元素之间Python的BeautifulSoup提取文本 [英] Python BeautifulSoup extract text between element
问题描述
我尝试提取这是我TEXT从以下HTML:
< HTML和GT;
<身体GT;
<表>
< TD类=MYCLASS>
<! - 评论 - >
<一个HEF =XY>文字< / A>
&所述p为H.;东西&下; / P>
这是我的文本
&所述p为H.;别的&下; / P>
< / BR>
< / TD>
< /表>
< /身体GT;
< / HTML>
我尝试了这种方式:
汤= BeautifulSoup(HTML)在soup.findAll命中(ATTRS = {'类':'MYCLASS'}):
打印hit.text
但我得到的所有所有嵌套的标签加注释的文本。
谁能帮我只得到这是我TEXT出来呢?
了解更多有关如何定位的通过 BeautifulSoup
解析树。解析树得到了标记
和 NavigableStrings
(因为这是一个文本)。一个例子
从BeautifulSoup进口BeautifulSoup
DOC = ['< HTML和GT;< HEAD><标题>页面标题< /标题>< /头>,
'<身体GT;&LT,P n =firstparaALIGN =中心>这是款< B>吲; / B&取代。,
'< p n =secondparaALIGN =嗒嗒>这是款< B>二< / B&取代。,
'< / HTML>']
汤= BeautifulSoup(''。加入(DOC))打印汤。prettify()
#< HTML和GT;
#< HEAD>
#<标题>
# 页面标题
#< /标题>
#< /头>
#<身体GT;
#< p n =firstparaALIGN =中心>
#这是款
#< B>
#1
#< / B>
#。
#&所述; / P>
#< p n =secondparaALIGN =嗒嗒>
#这是款
#< B>
#两个
#< / B>
#。
#&所述; / P>
#< /身体GT;
#< / HTML>
要下移你有内容的解析树
和字符串
。
-
内容是标签和NavigableString对象的有序列表
包含在页面元素中
块引用> -
如果一个标签只有一个子节点,而子节点是一个字符串,
子节点是可用作为tag.string,以及
tag.contents [0]
块引用>
针对上述情况,也就是说,你可以得到
soup.b.string
#u'one
soup.b.contents [0]
#u'one
有关几个孩子节点,你可以有实例
PTAG = soup.p
pTag.contents
#[u'This是款,< B>吲; / B>中U'']
所以在这里,你可以用内容播放
,并得到你想要的索引内容。的
您还可以通过标签迭代,这是一条捷径。例如,
对我soup.body:
我打印
#< p n =firstparaALIGN =中心>这是款< B>吲; / B>< / P>
#< p n =secondparaALIGN =嗒嗒>这是款< B>二< / B>< / P>
I try to extract "THIS IS MY TEXT" from the following HTML:
<html>
<body>
<table>
<td class="MYCLASS">
<!-- a comment -->
<a hef="xy">Text</a>
<p>something</p>
THIS IS MY TEXT
<p>something else</p>
</br>
</td>
</table>
</body>
</html>
I tried it this way:
soup = BeautifulSoup(html)
for hit in soup.findAll(attrs={'class' : 'MYCLASS'}):
print hit.text
But I get all the text between all nested Tags plus the comment.
Can anyone help me to just get "THIS IS MY TEXT" out of this?
Learn more about how to navigate through the parse tree in BeautifulSoup
. Parse tree has got tags
and NavigableStrings
(as THIS IS A TEXT).
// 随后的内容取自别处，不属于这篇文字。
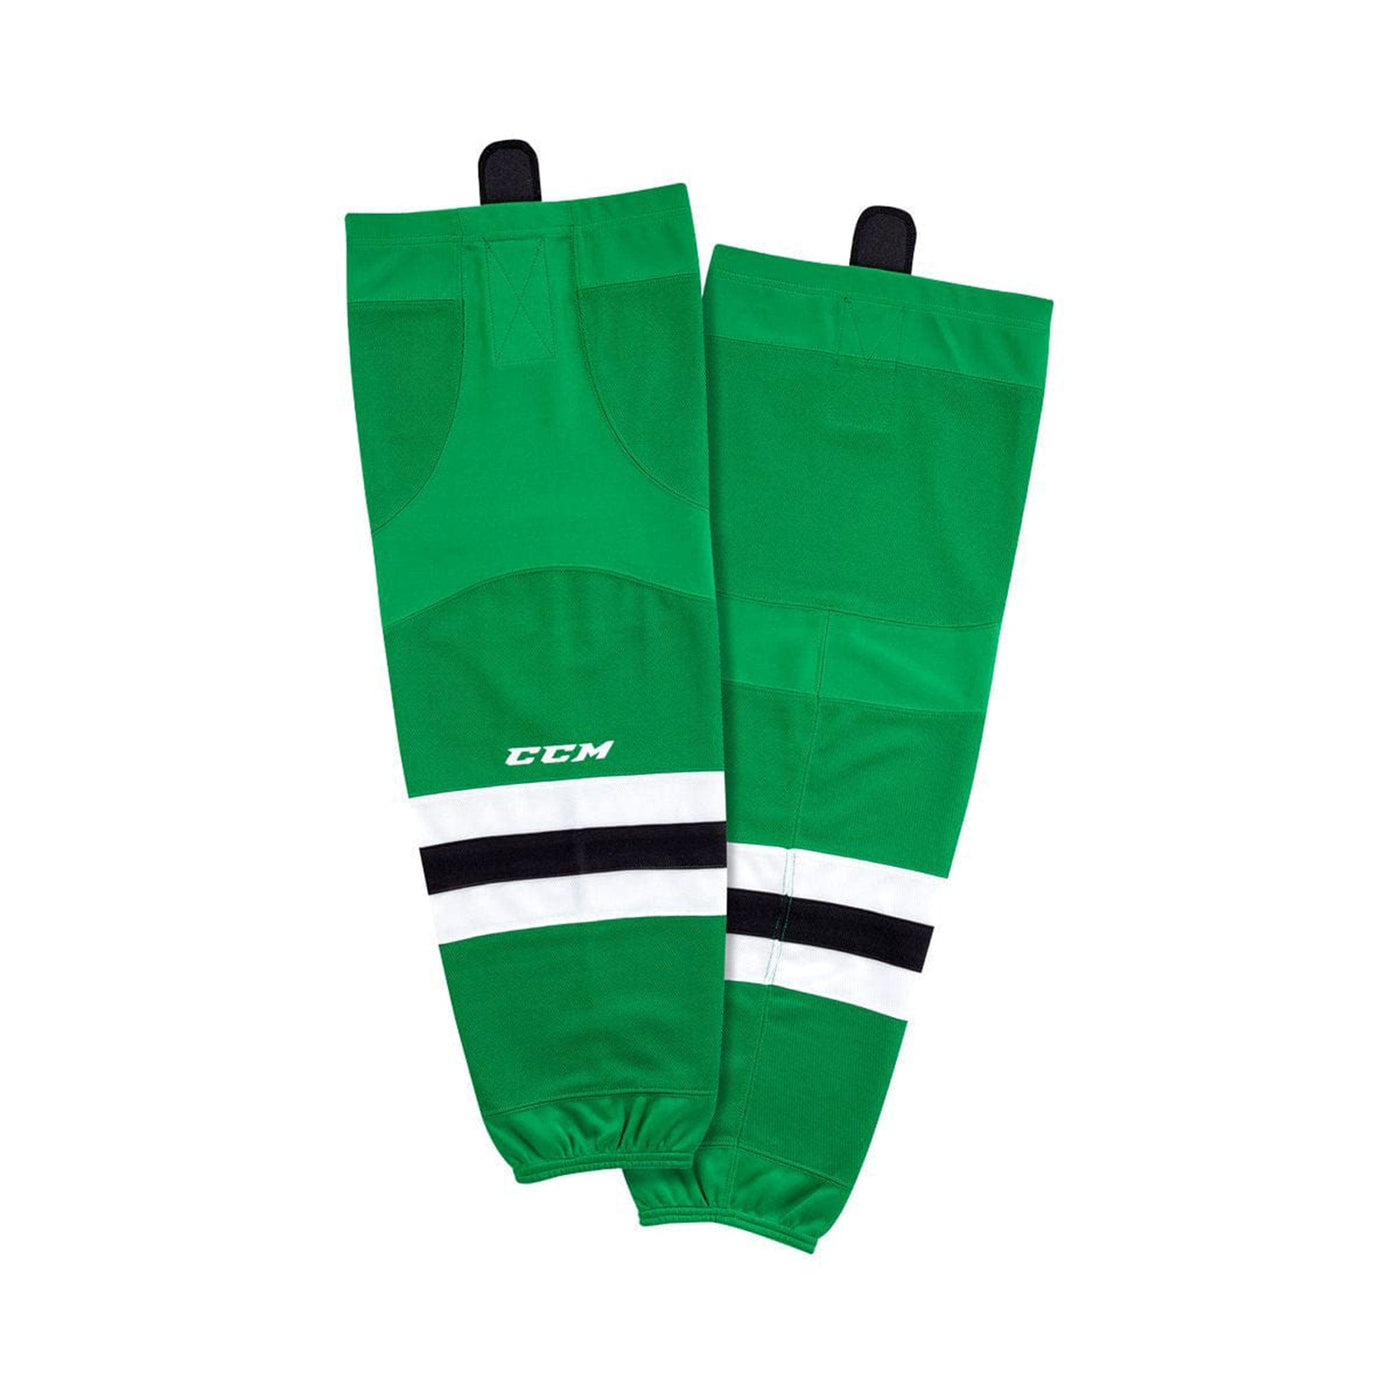 Dallas Stars Home CCM Quicklite 8000 Hockey Socks - The Hockey Shop Source For Sports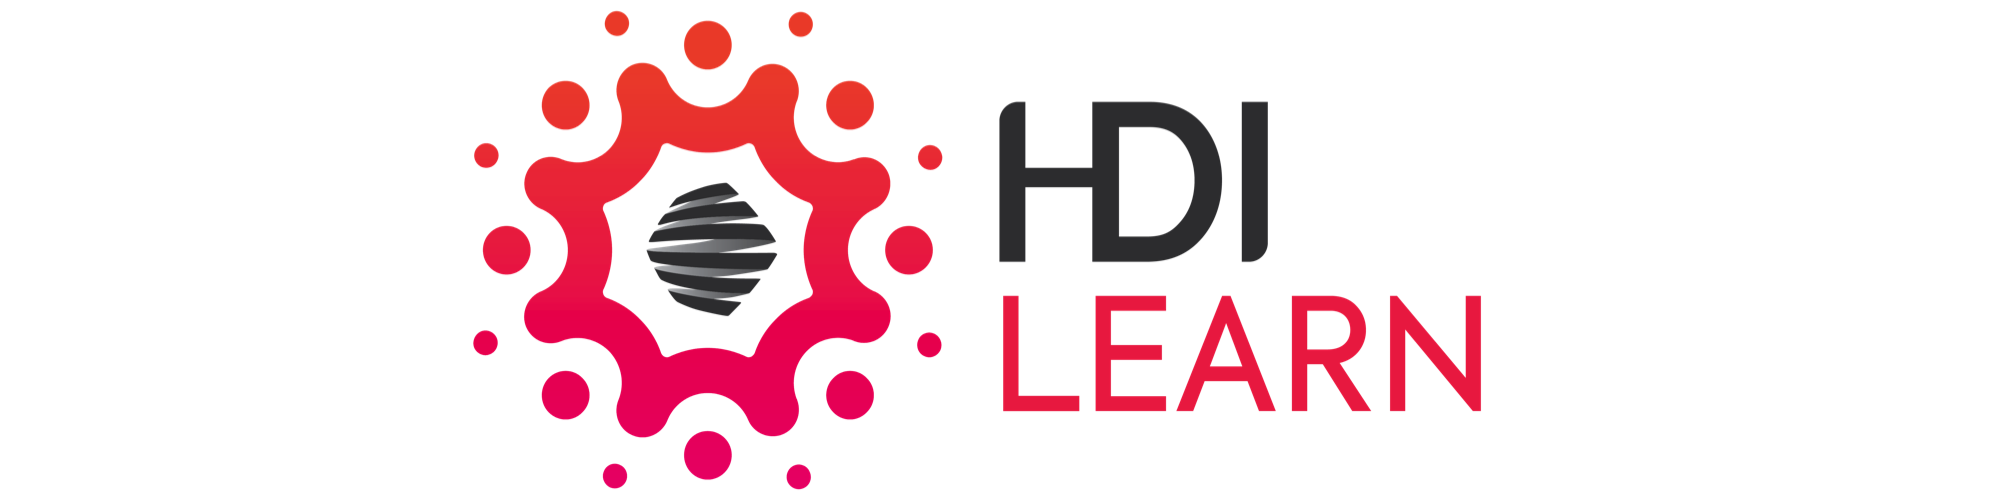 HDI learn logo2

An example
from BeautifulSoup import BeautifulSoup
doc = ['<html><head><title>Page title</title></head>',
'<body><p id="firstpara" align="center">This is paragraph <b>one</b>.',
'<p id="secondpara" align="blah">This is paragraph <b>two</b>.',
'</html>']
soup = BeautifulSoup(''.join(doc))
print soup.prettify()
# <html>
# <head>
# <title>
# Page title
# </title>
# </head>
# <body>
# <p id="firstpara" align="center">
# This is paragraph
# <b>
# one
# </b>
# .
# </p>
# <p id="secondpara" align="blah">
# This is paragraph
# <b>
# two
# </b>
# .
# </p>
# </body>
# </html>
To move down the parse tree you have contents
and string
.
contents is an ordered list of the Tag and NavigableString objects contained within a page element
if a tag has only one child node, and that child node is a string, the child node is made available as tag.string, as well as tag.contents[0]
For the above, that is to say you can get
soup.b.string
# u'one'
soup.b.contents[0]
# u'one'
For several children nodes, you can have for instance
pTag = soup.p
pTag.contents
# [u'This is paragraph ', <b>one</b>, u'.']
so here you may play with contents
and get contents at the index you want.
You also can iterate over a Tag, this is a shortcut. For instance,
for i in soup.body:
print i
# <p id="firstpara" align="center">This is paragraph <b>one</b>.</p>
# <p id="secondpara" align="blah">This is paragraph <b>two</b>.</p>
这篇关于元素之间Python的BeautifulSoup提取文本的文章就介绍到这了,希望我们推荐的答案对大家有所帮助,也希望大家多多支持IT屋!